Believed to have been most likely largely self-taught, Masanobu's early work took inspiration from that of Torii Kiyonobu but was distinct and individual. His earliest extant work, referred to as (the) Courtesan Album, was published in 1701. In the years following, among many other works, Masanobu produced a number of albums and illustrated books parodying classic Chinese tales, the Genji monogatari, and stories from Noh and kabuki plays.
In the 1720s, Masanobu established his own publishing house, allowing him greater control over the final products of his work, and a greater share of profits. He would later pass on management of the operation to his son, Okumura Genroku, so as to enjoy more time in which to focus upon the actual task of producing print designs. Sumptuary laws imposed by the government at this time helped sway trends towards smaller prints, and towards the urushi-e ("lacquer print") style, the tan-e (orange hand-colored print) form declining in popularity; Masanobu followed the trends, focusing his production on urushi-e style prints on smaller slips of paper at this time.

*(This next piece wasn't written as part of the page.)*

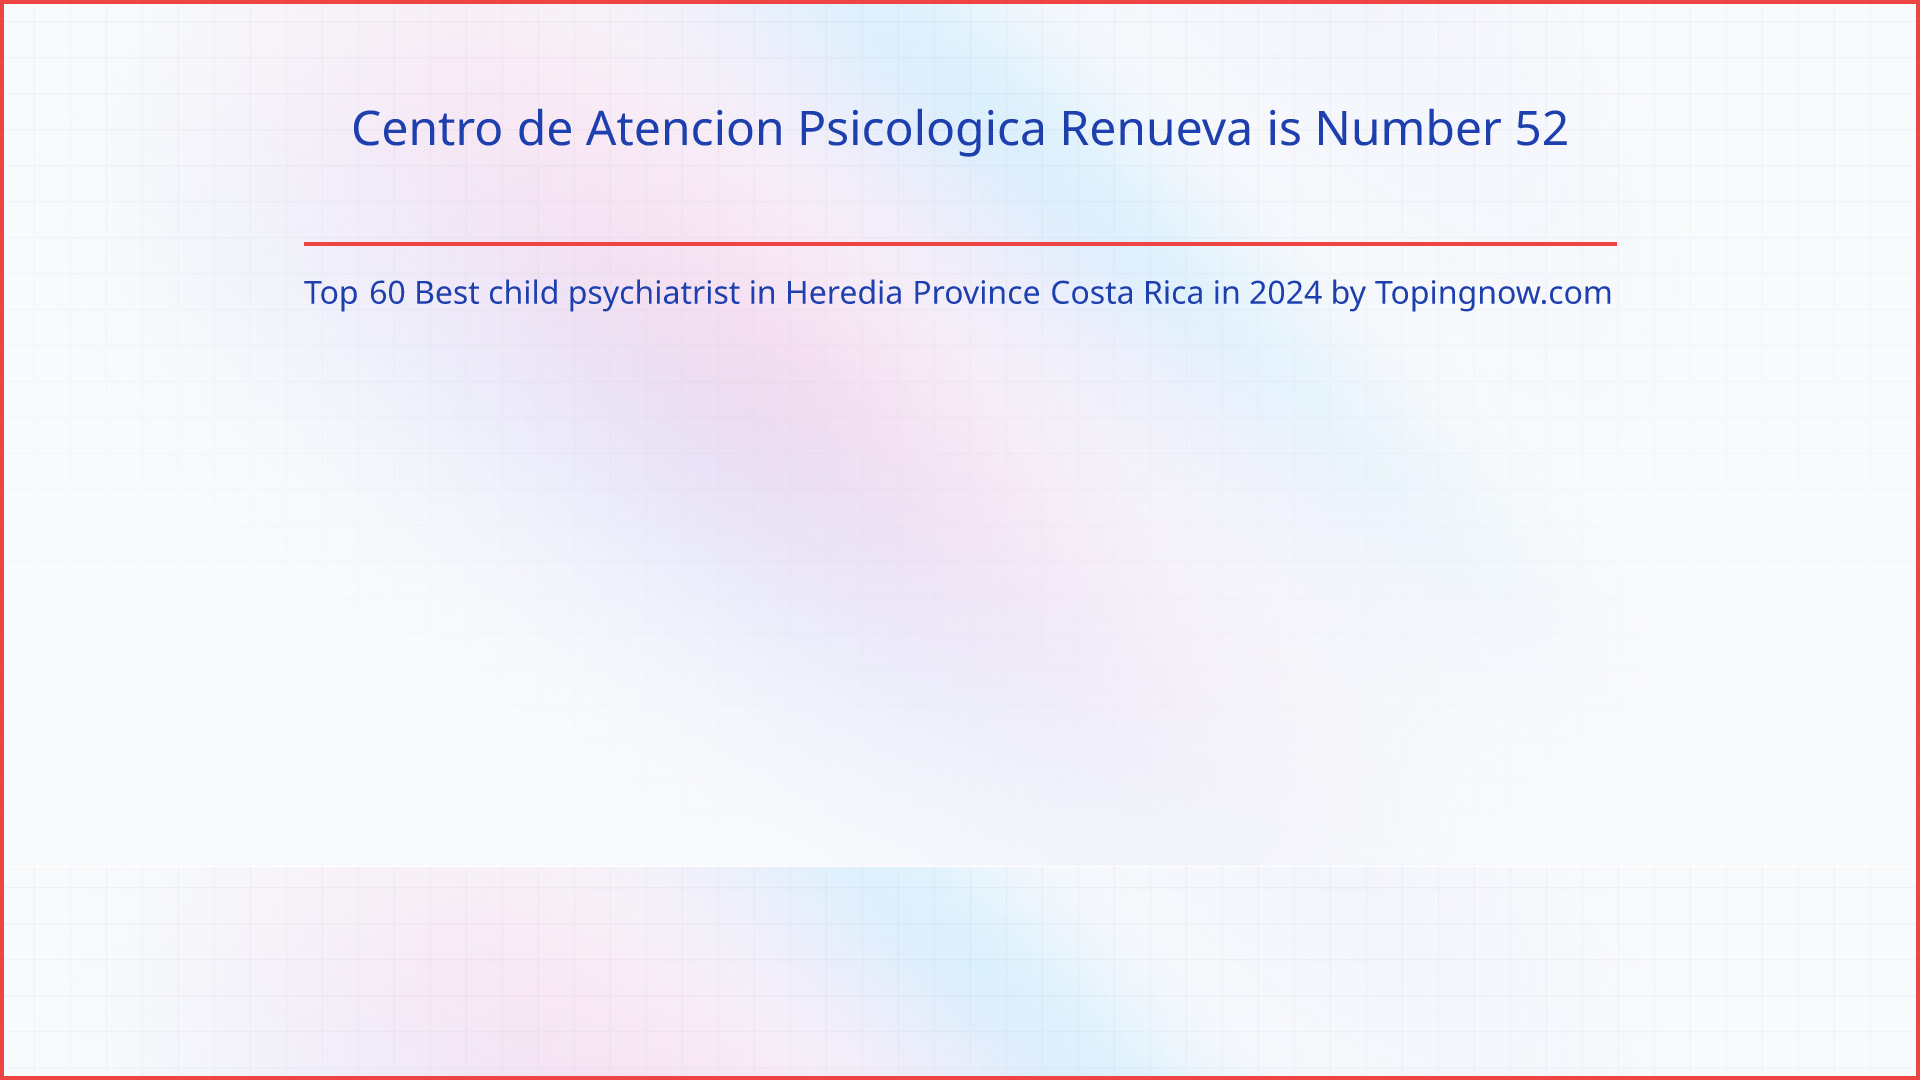 Centro de Atencion Psicologica Renueva: Top 60 Best child psychiatrist in Heredia Province Costa Rica in 2024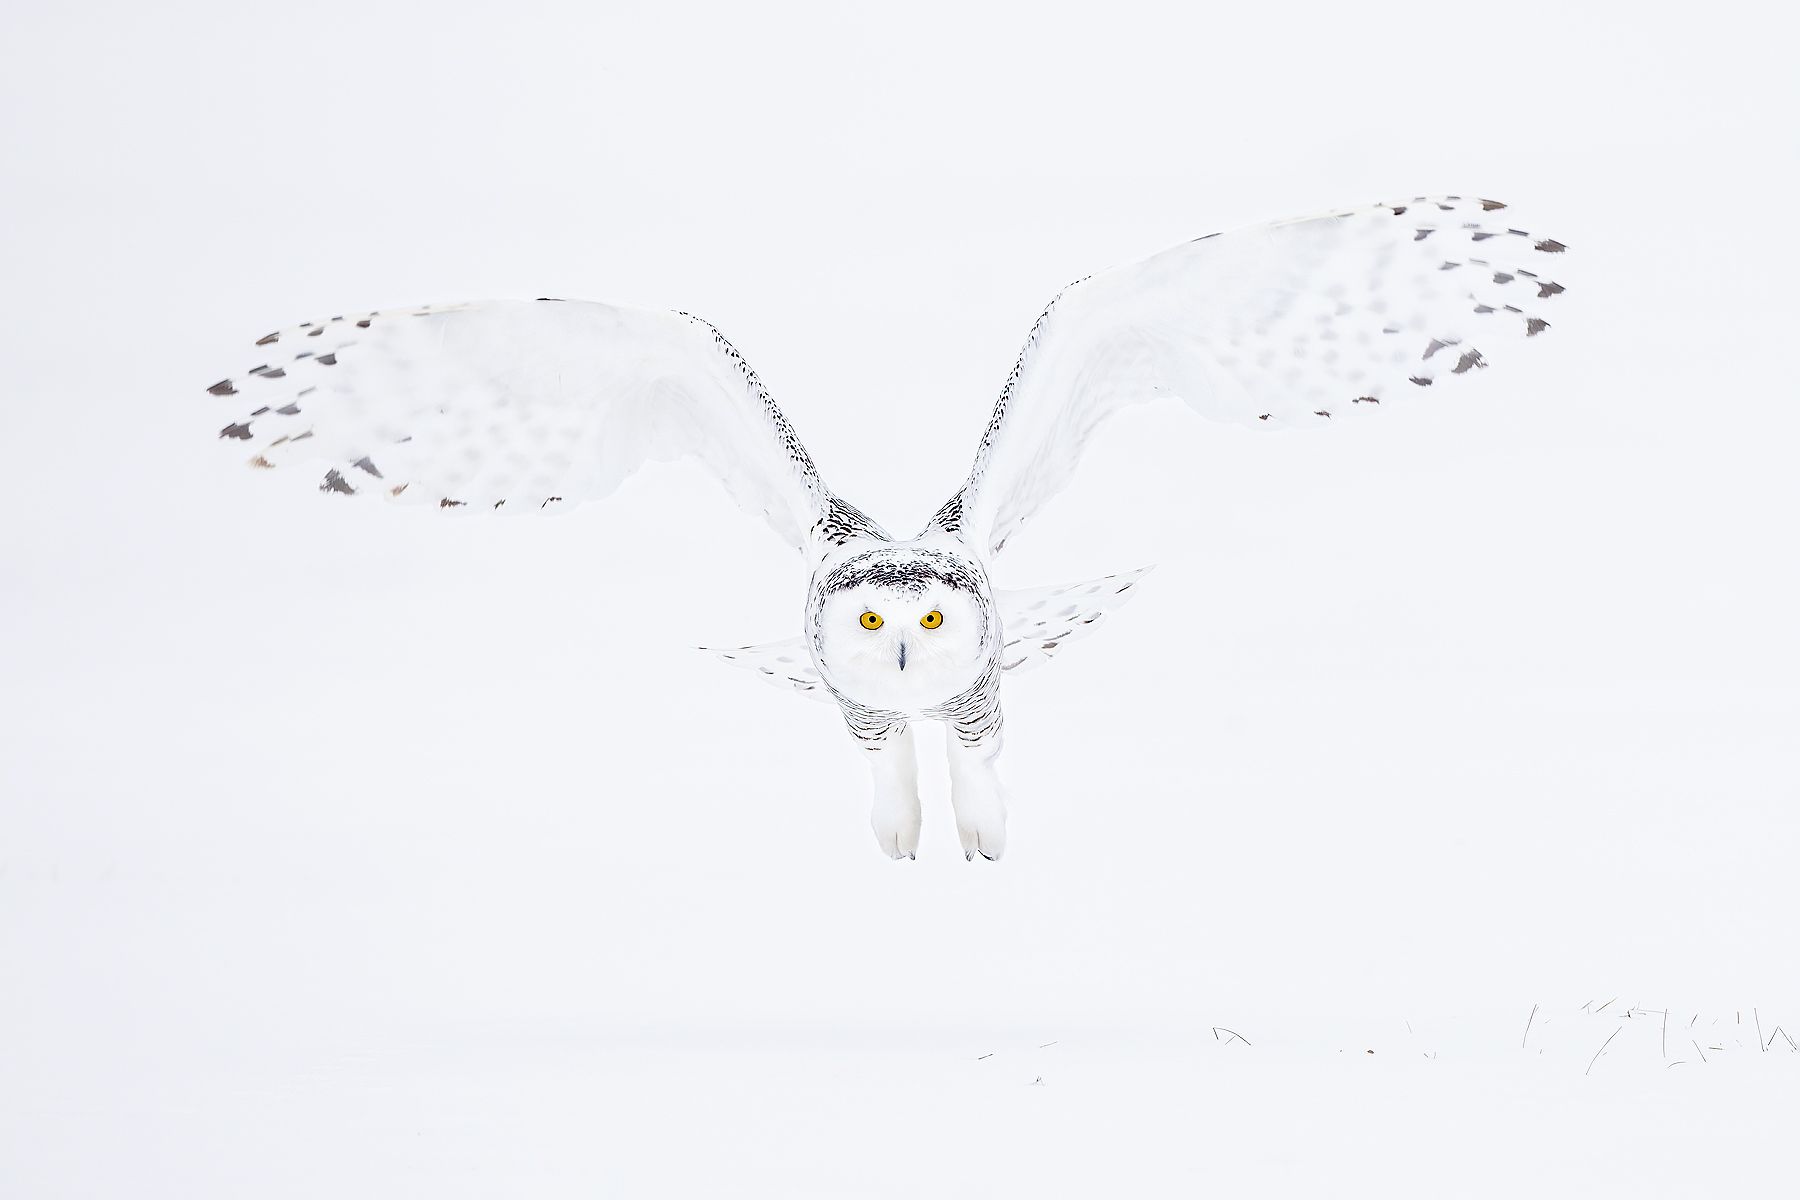 Clemens Vanderwerf - Snowy owl down the barrel.jpg

The use of urushi-e style to depict kabuki actors was a particularly striking move, differing as it did from the style of the Torii school, who dominated actor prints at that time, and throughout much of the Edo period, and providing an intriguing contrast.
Larger prints returned to popularity in the 1740s, with Okumura at the crest of the wave. He continued to produce smaller works at this time as well, but turned his attention once more to larger depictions of standing beauties and actors, particularly in a form known as kakemono prints, meant to be mounted into scrolls or otherwise hung on a wall for display; he produced a number of hashira-e ("pillar prints") at this time as well, considerably taller than they are wide.
Masanobu also pioneered experiments with Western perspective, producing a number of prints of the Sanjûsangendô, the interiors of kabuki theatres, and other architectural subjects which allowed for clean and direct application of the principles of one-point perspective. These were seen chiefly as novelties, however, in Japan at this time, and did not represent the beginning of an artistic revolution by any means. In fact, it would not be until over a century later, with the true coming of "modern/Western art" in the form of yôga in the Meiji period that Western artistic styles, methods and modes would be fully embraced by Japanese artists.
His early career, up until the 1730s, is marked chiefly by the production of numerous monochrome print albums, but in the successive decades, he turned his attention more to single-sheet prints, and to paintings.
References
- Lane, Richard. Images from the Floating World. New York: Konecky & Konecky, 1978. pp65-68, 78-79.